The regex compiler supports the following pattern syntax:
- ^ matches the start of a string.
- $ matches the end of a string.
- [...] denotes a character class.
- [^...] denotes a negated character class.
- [:...:] denotes a special character class.
- [:alpha:] == [A-Za-z]
- [:upper:] == [A-Z]
- [:lower:] == [a-z]
- [:digit:] == [0-9]
- [:alnum:] == [A-Za-z0-9]
- [:xdigit:] == [A-Fa-f0-9]
- [:space:] == whitespace
- [:punct:] == punctuation marks
- [:graph:] == printable characters other than space
- [:cntrl:] == control characters
- [:word:] == wordlike characters
- [^:...:] denotes a negated special character class.
- . matches any character.
- (...) delimits a regex subexpression. Also denotes a
register pattern.
- (?...) denotes a regex subexpression that will
not be captured in a register.
- (?=...) denotes a regex
subexpression that will be used as a forward lookahead.
If the subexpression matches, then the rest of the match
will continue as if the lookahead match had not occurred
(i.e. it does not consume the candidate string). It will
not be captured in a register, though it can contain
subexpressions that may be captured.
- (?!...) denotes a regex subexpression that will be used
as a negative forward lookahead (the match will continue only
if the lookahead failed to match). It will not be
captured in a register, though it can contain
subexpressions that may be captured.
- * denotes the kleene closure of the previous regex
subexpression.
- + denotes the positive closure of the previous regex
subexpression.
- *? denotes the non-greedy kleene closure of the
previous regex subexpression.
- +? denotes the non-greedy positive closure of the
previous regex subexpression.
- ? denotes the greedy match of 0 or 1 occurrences of
the previous regex subexpression.
- ?? denotes the non-greedy match of 0 or 1 occurrences
of the previous regex subexpression.
- \nn denotes a back-match against the contents of a
previously-matched register.
- {nn,mm} denotes a bounded repetition.
- {nn,mm}? denotes a non-greedy bounded repetition.
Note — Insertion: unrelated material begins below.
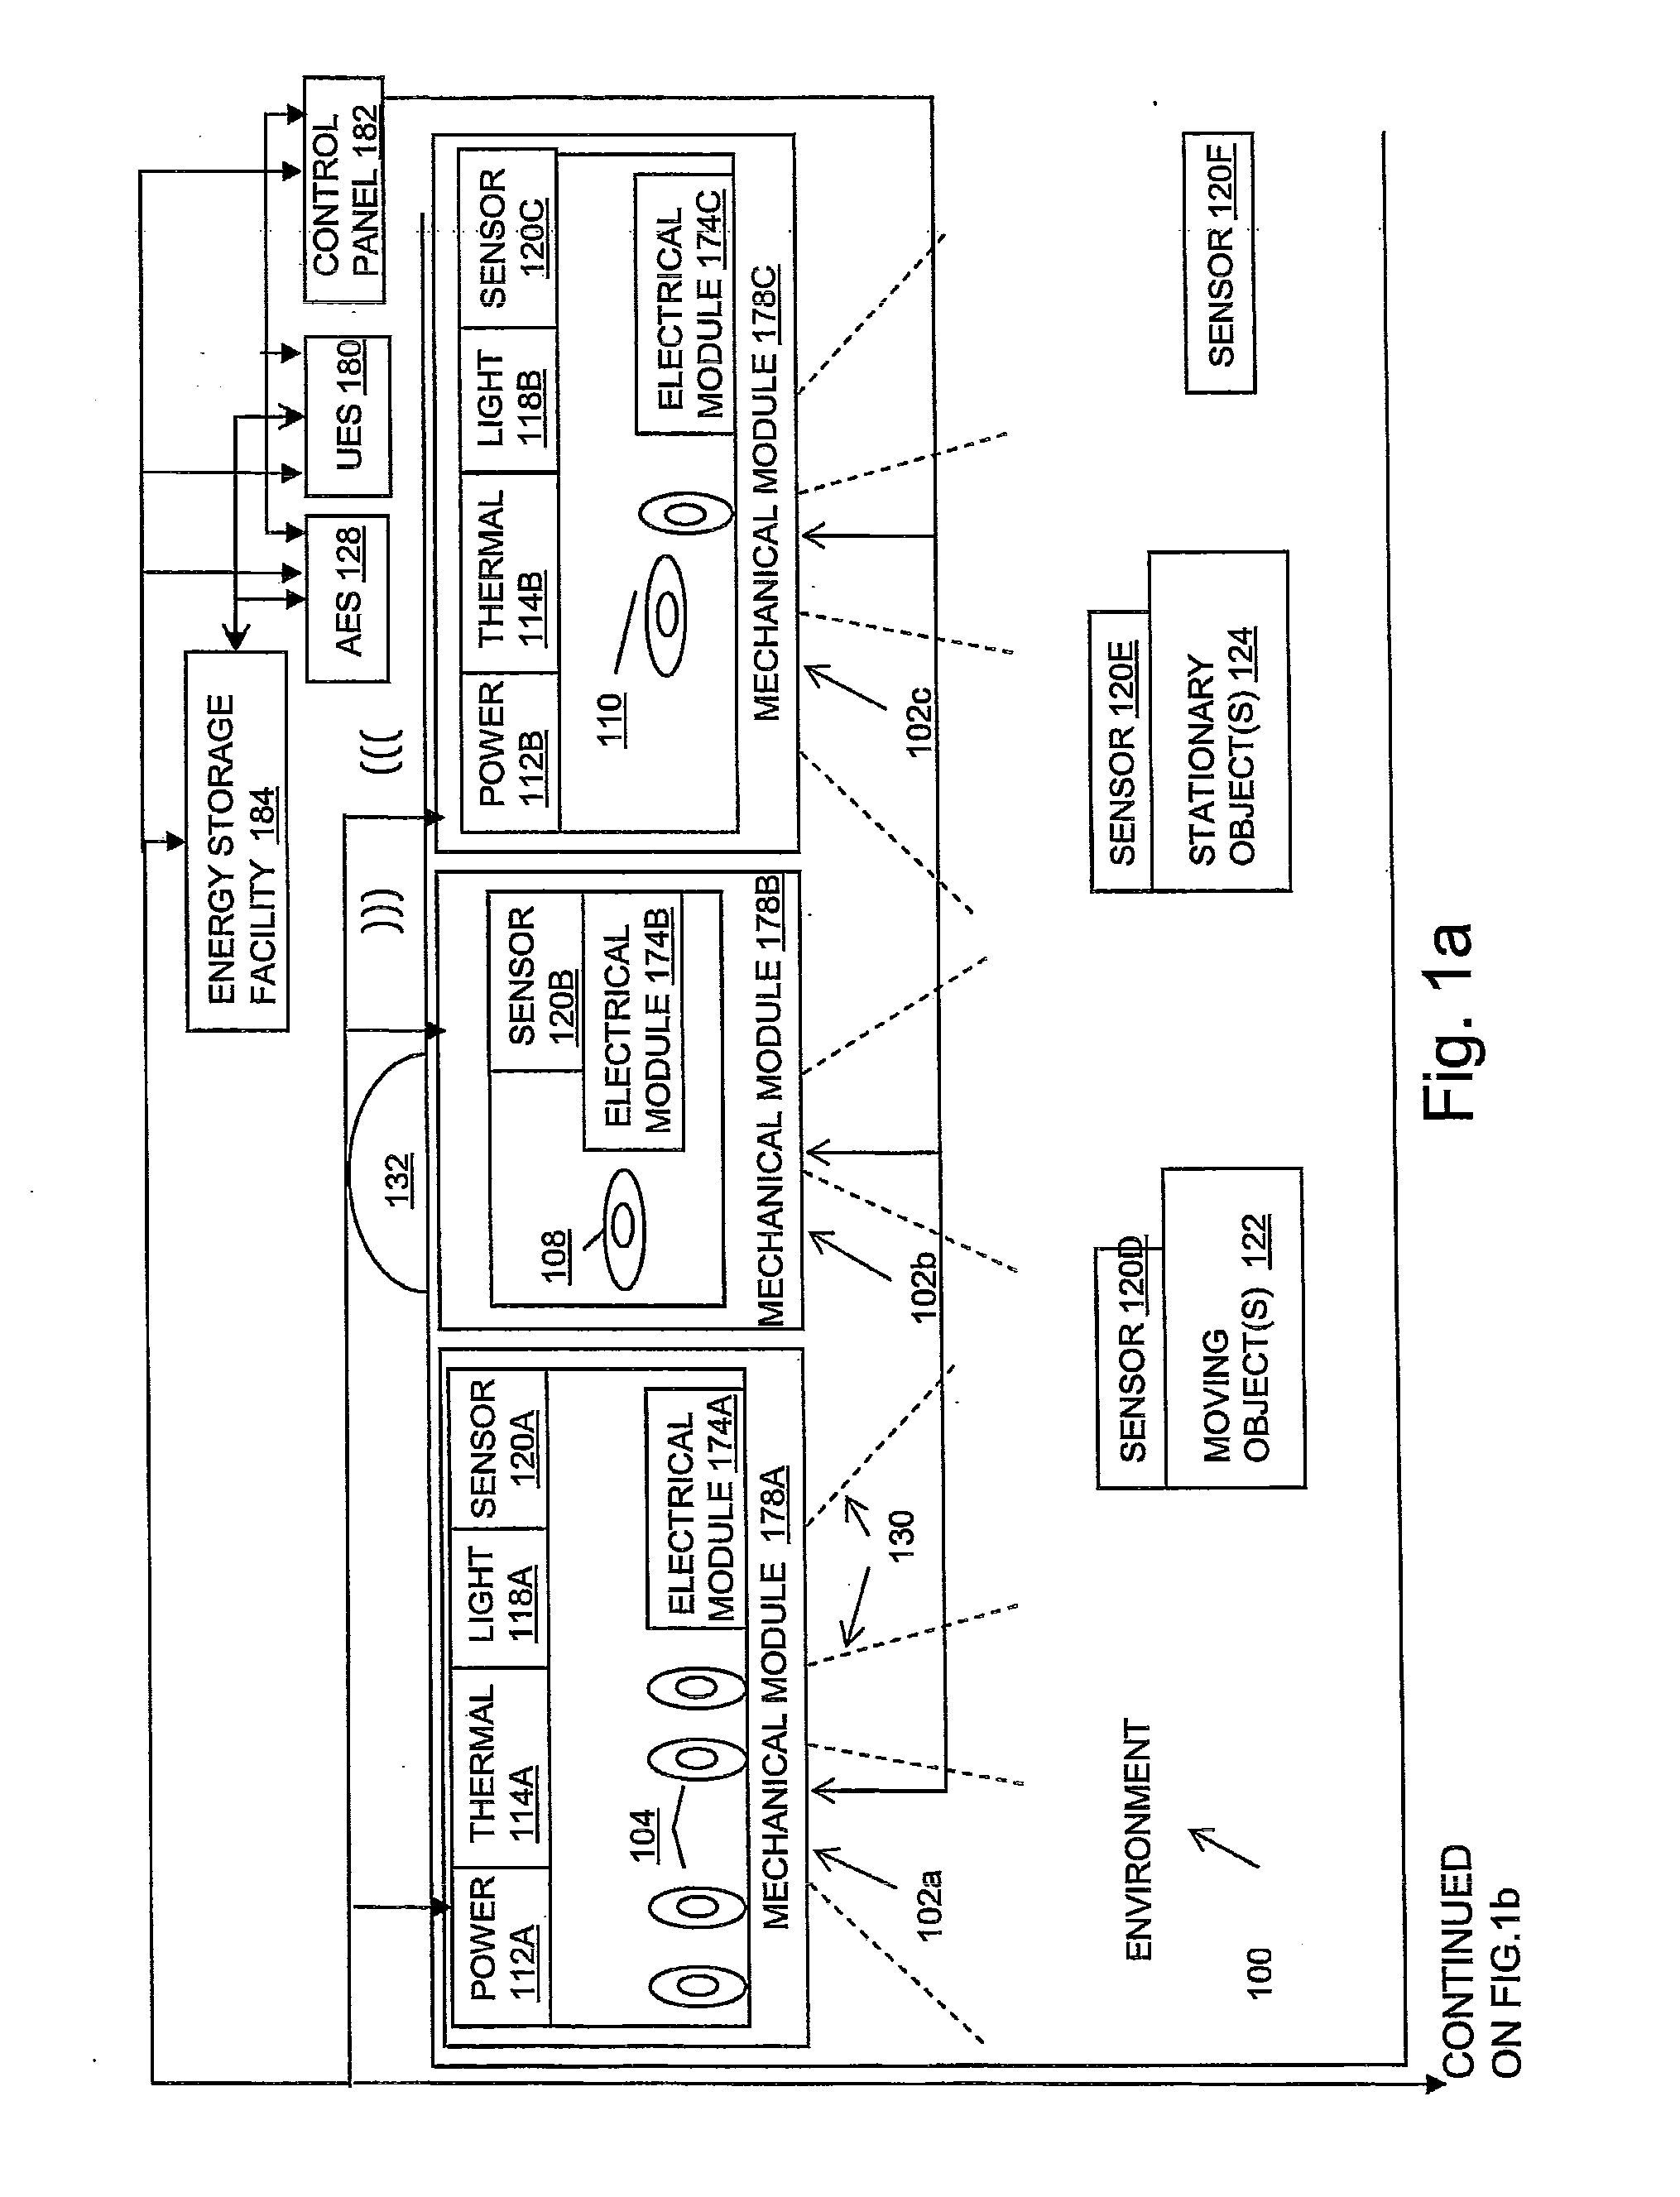 Power Management Unit with Ballast Interface

- \n, \t, \r have their normal meanings.
- \d matches any decimal character,
\D matches any nondecimal character.
- \w matches any wordlike
character, \W matches any nonwordlike character.
- \s matches any whitespace
character, \S matches any nonspace character.
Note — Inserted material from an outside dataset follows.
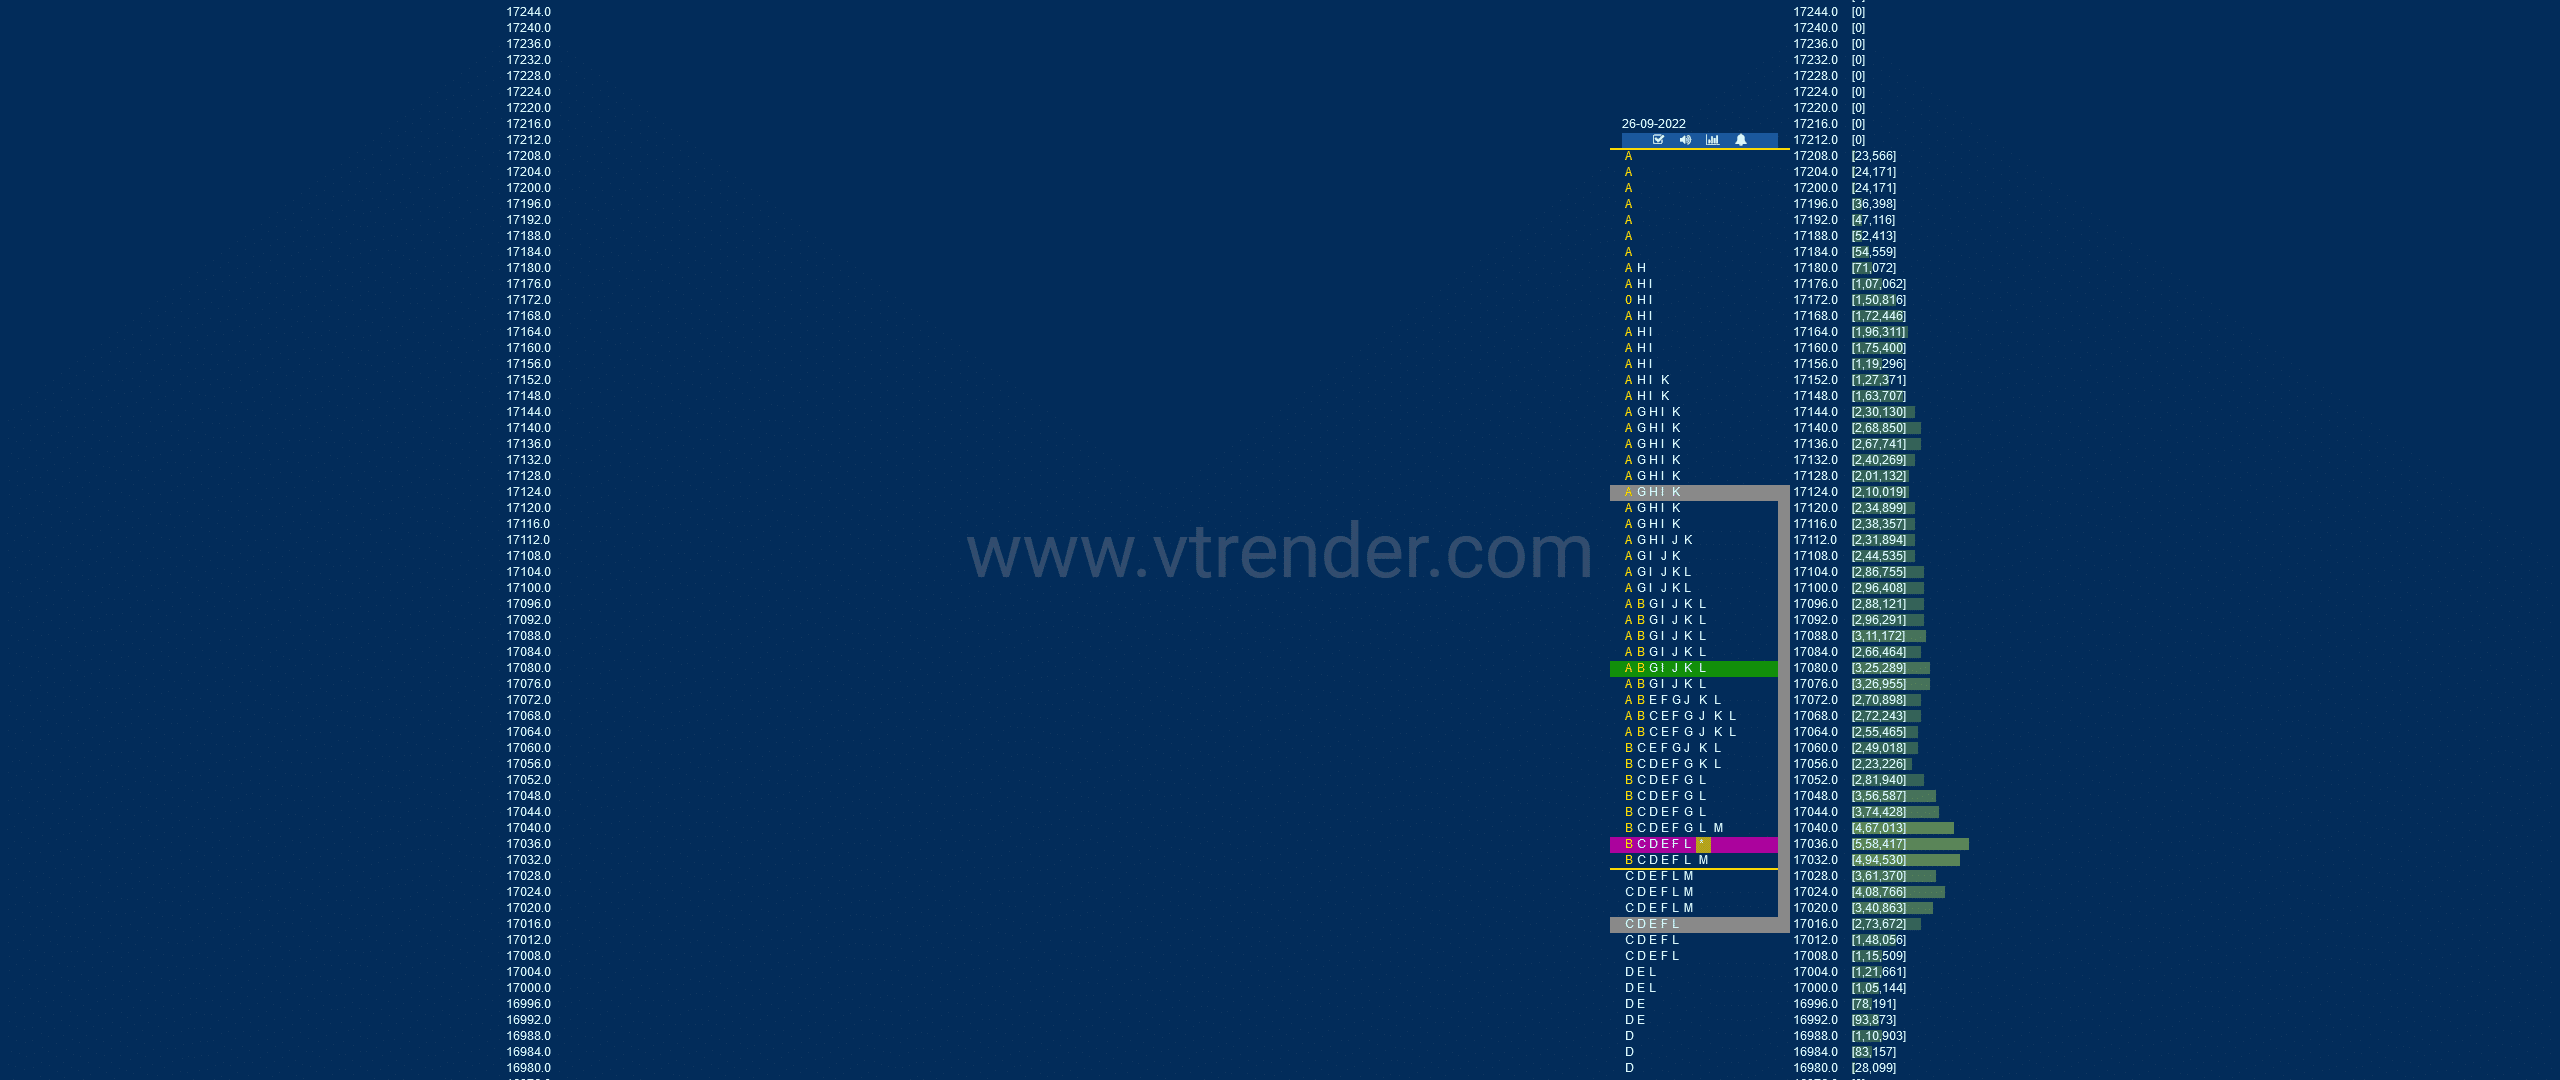 Nf 17 Market Profile Analysis Dated 26Th Sep 2022 Banknifty Futures, Charts, Day Trading, Intraday Trading, Intraday Trading Strategies, Market Profile, Market Profile Trading Strategies, Nifty Futures, Order Flow Analysis, Support And Resistance, Technical Analysis, Trading Strategies, Volume Profile Trading

- \< matches at the start of a
word. \> matches at the end of a word.
- \<char> that character (escapes an otherwise
special meaning).
- Special characters lose their specialness when
escaped. There is a flag to control this.
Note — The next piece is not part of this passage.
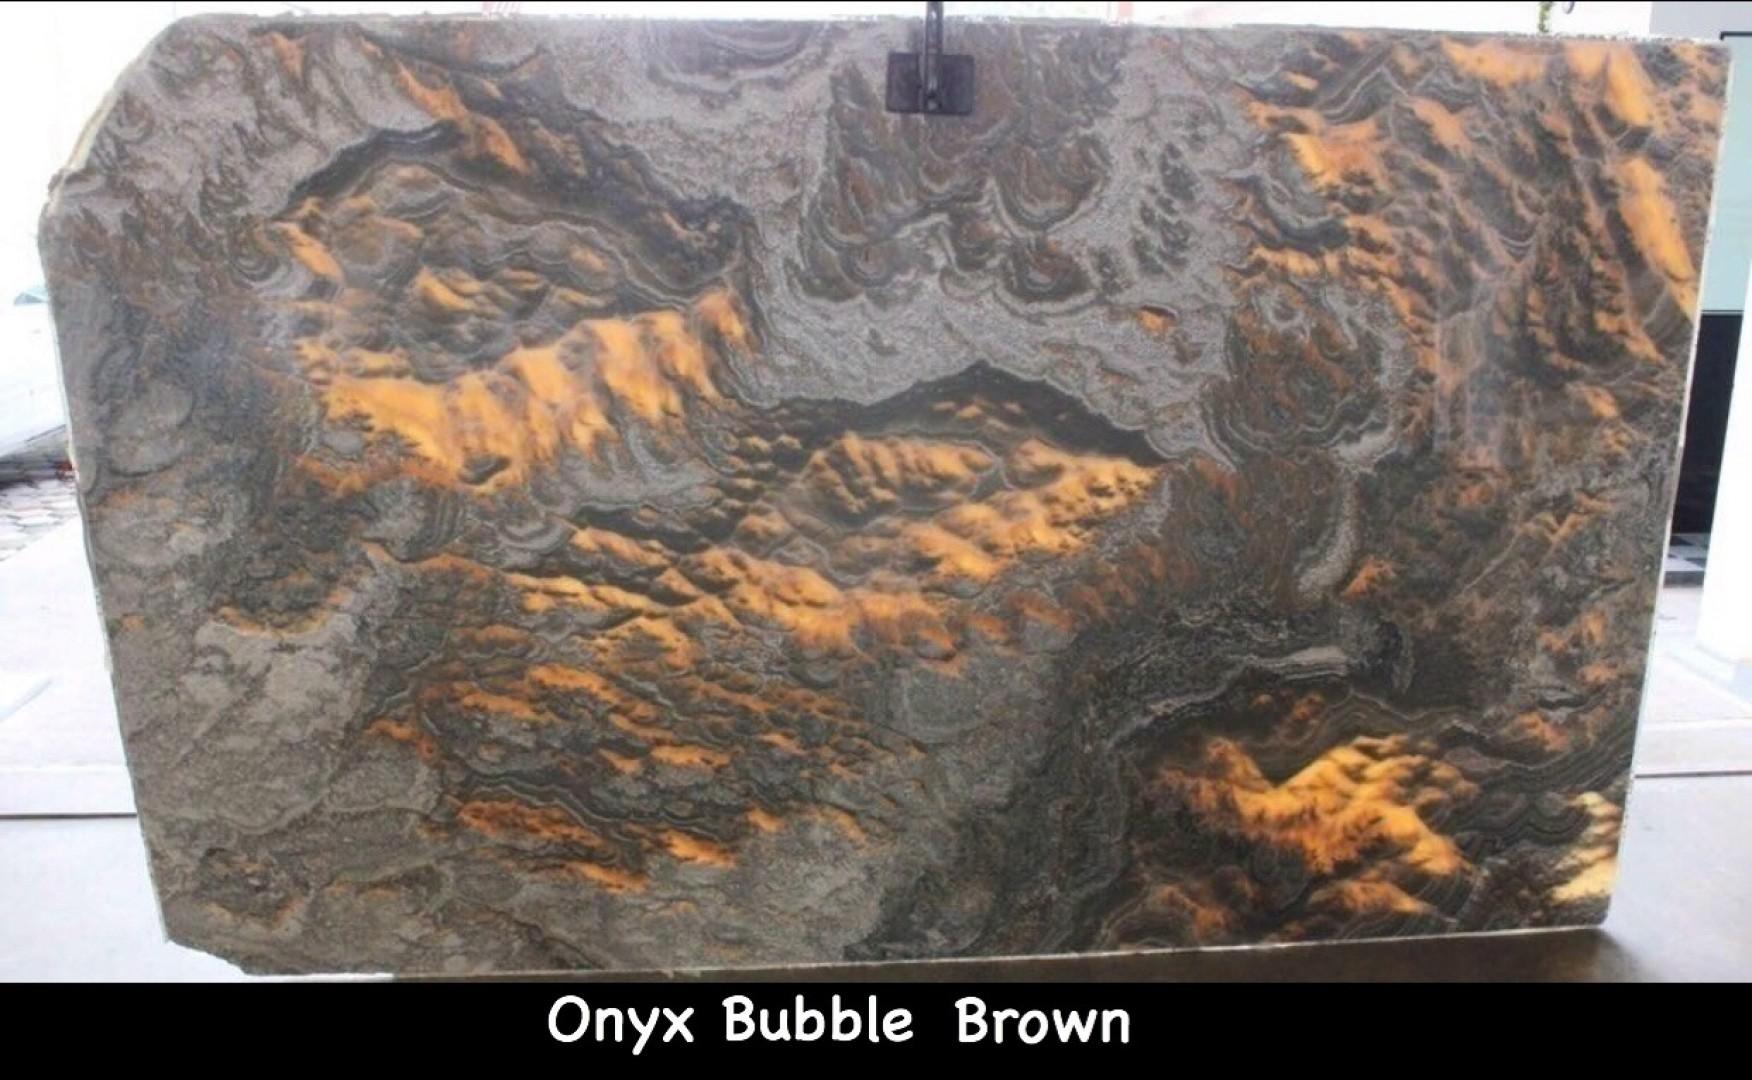 Onyx Bubble Brown from JSP

- All other characters are matched literally.
There are a variety of functions in the REGEX package
that allow the programmer to adjust the allowable regular
expression syntax:
- The function ESCAPE-SPECIAL-CHARS allows you to change
whether the meta-characters have their magic meaning when
escaped or unescaped. The default behavior (per AWK
syntax) is that special chars are unescaped.
- The function ALLOW-BACKMATCH allows you to change
whether or not the \nn syntax is allowed. By default it
is allowed.
- The function ALLOW-RANGEMATCH allows you to change
whether or not the the {nn,mm} bounded repetition syntax
is allowed. By default it is allowed.
- The function ALLOW-NONGREEDY-QUANTIFIERS allows you to
change whether or not the *?, +?, ??, and {nn,mm}?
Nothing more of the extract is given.